London, 2005, 1st UK edition. 354 pp, 36 photos. Don Whillans has an iconic significance for generations of climbers. His epoch-making first ascent of Annapurna’s South Face, achieved with Dougal Haston in 1970, remains one of the most impressive climbs ever made, a standard to which all modern Himalayan climbers aspire – but behind this and all his other formidable achievements lies a tough, recalcitrant reality: the character of the man himself. The First Edition of this book sold out in a month, and has become quite hard to find. Hardcover, DJ, New.
At twenty, Whillans was 5 foot 4 inches tall, a working-class lad with the build of a miniature Atlas.
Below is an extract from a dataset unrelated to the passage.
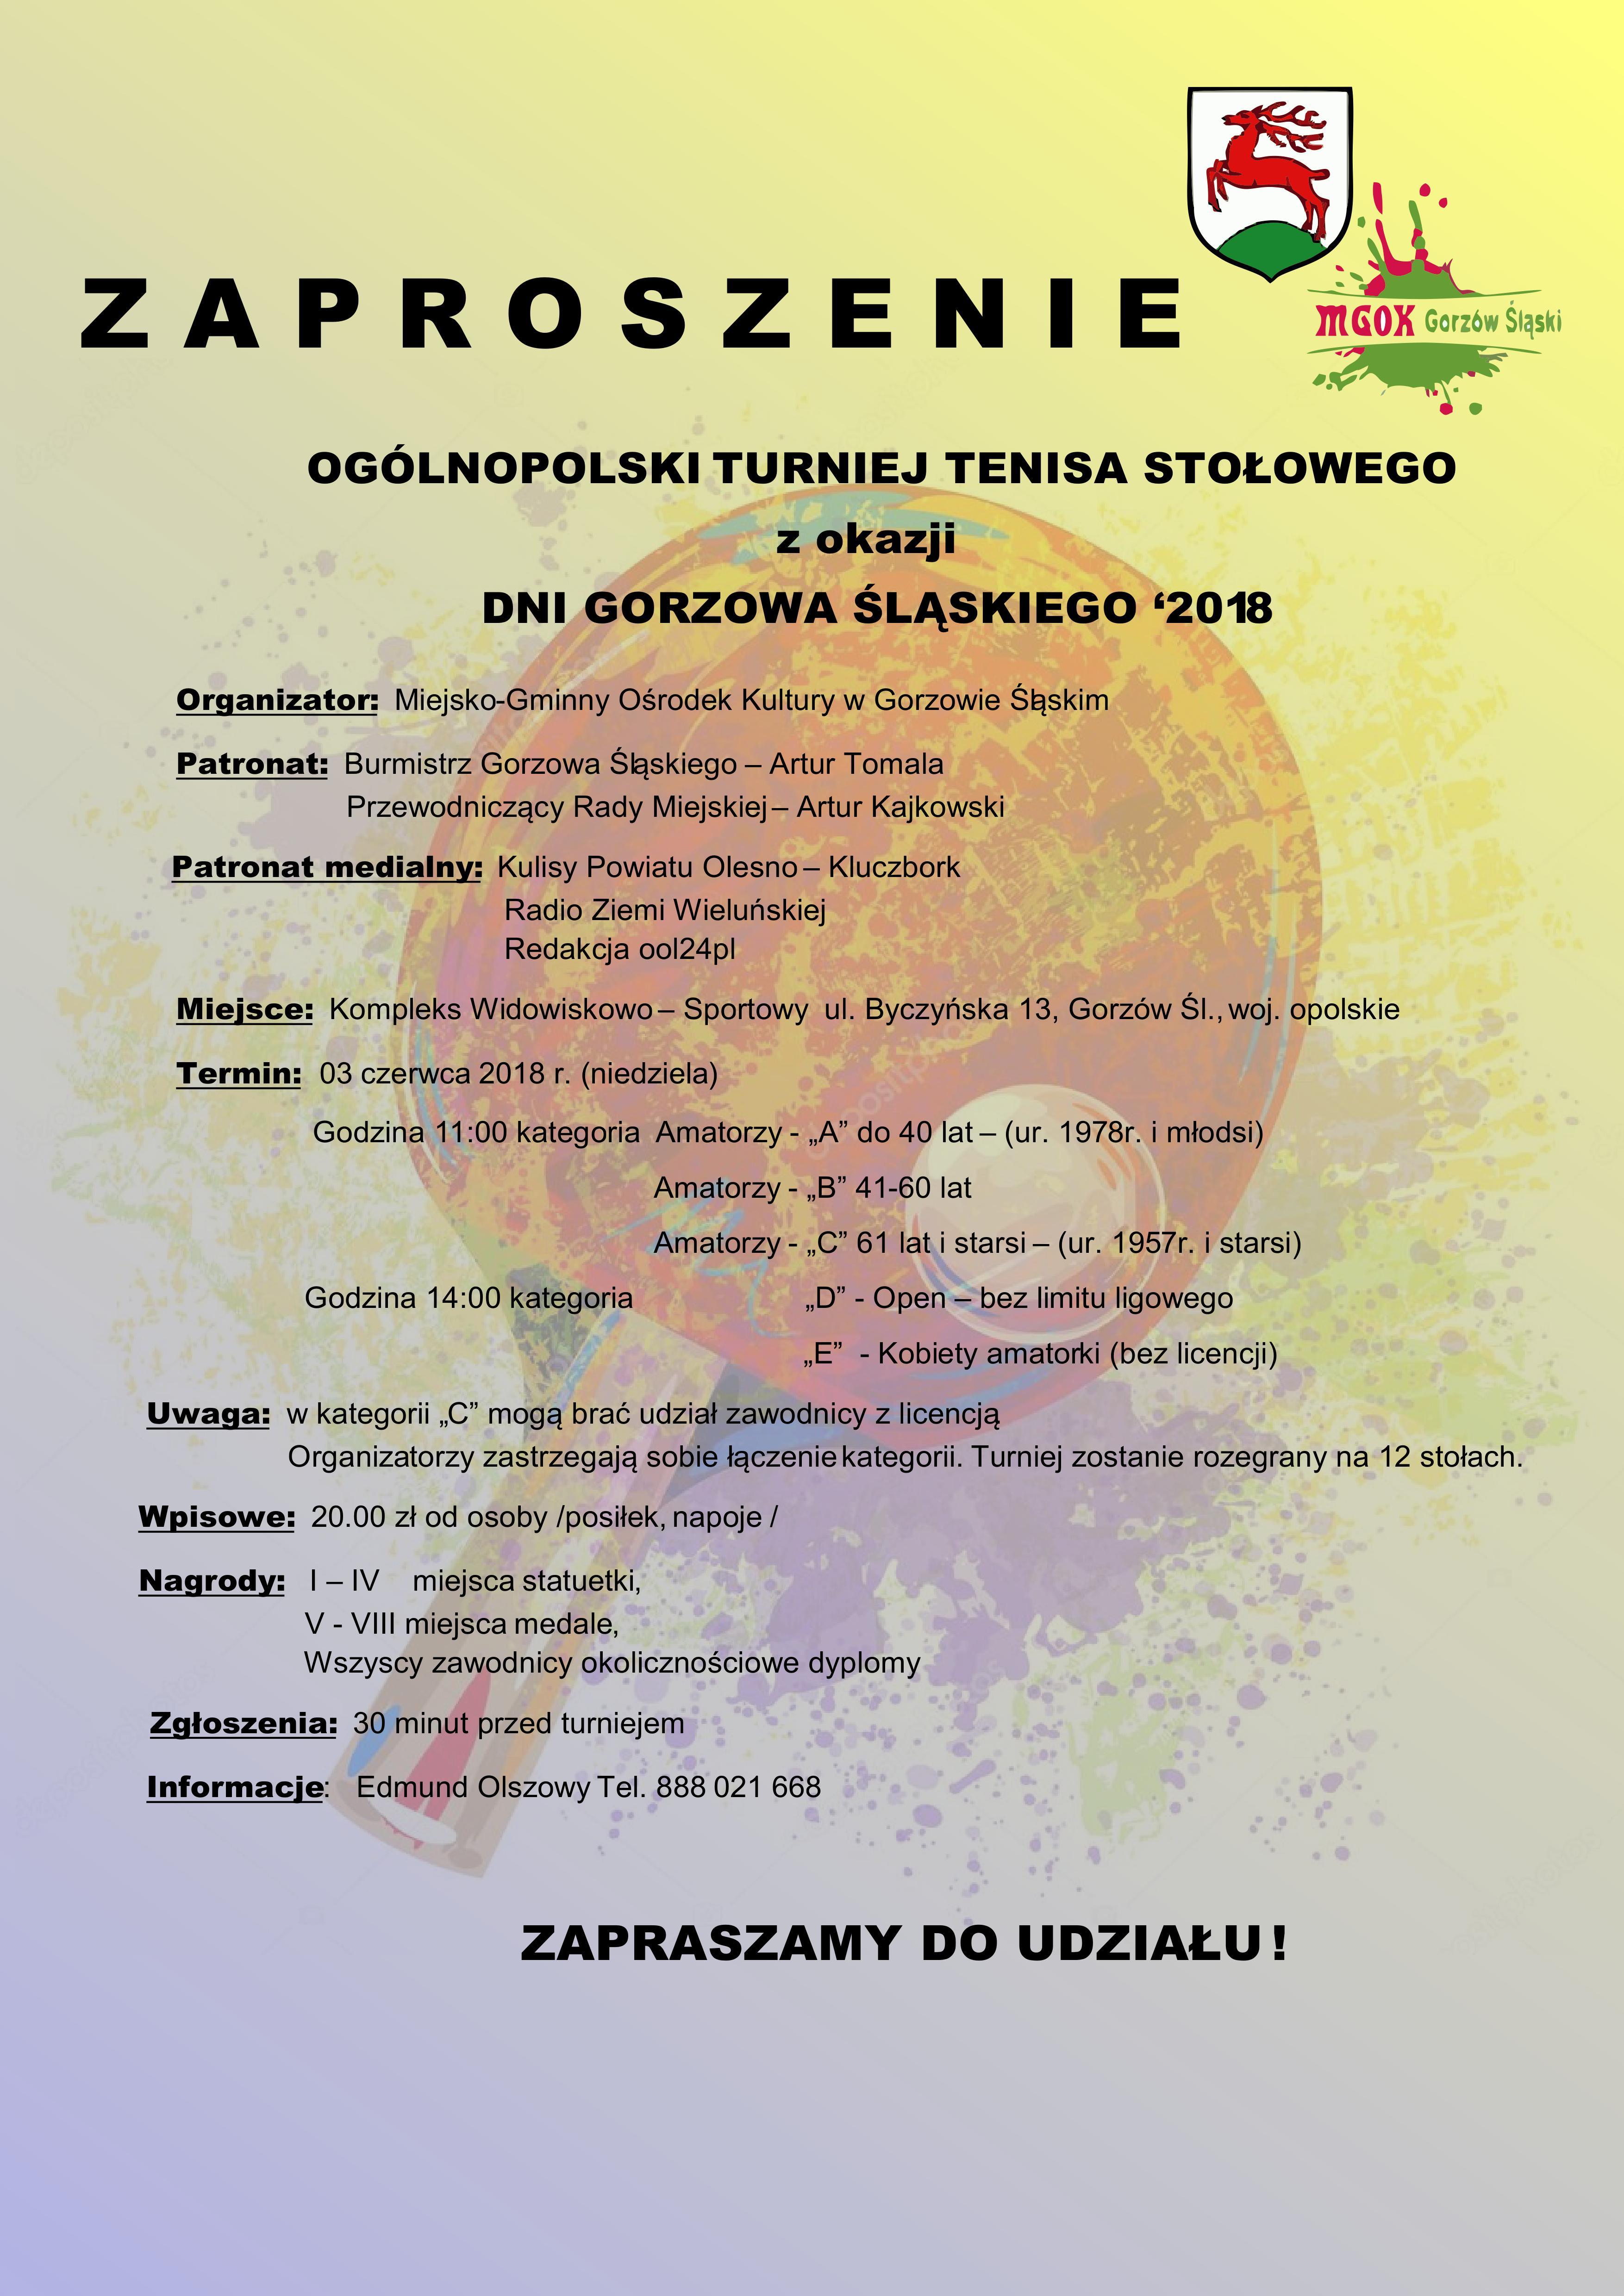 turniej_z_okazji_dni_gorzowa

Within a year of entering the climbing world in 1950 he had acquired parallel reputations of great skill and daring on the one hand, and as a hell-raiser, a scrapper and a savage-tongued wit on the other – the Villain of the title, who was turned down for a Queen’s Birthday Honour because of a violent fracas with several policemen.
His world was miles away from the conventional public-school environment of the upper-class climbers who had for so long dominated the sport, and this itself led to tensions throughout his life.
Whillans carried within himself a sense of personal invincibility, forceful, direct and uncompromising. It gave him sporting superstar status – the flawed heroism of a Best, a McEnroe, an Ali. In his own circle, his image was the working class hero on the rock-face, laconic and bellicose, ready to go to war with the elements or with any human who crossed his path on a bad day.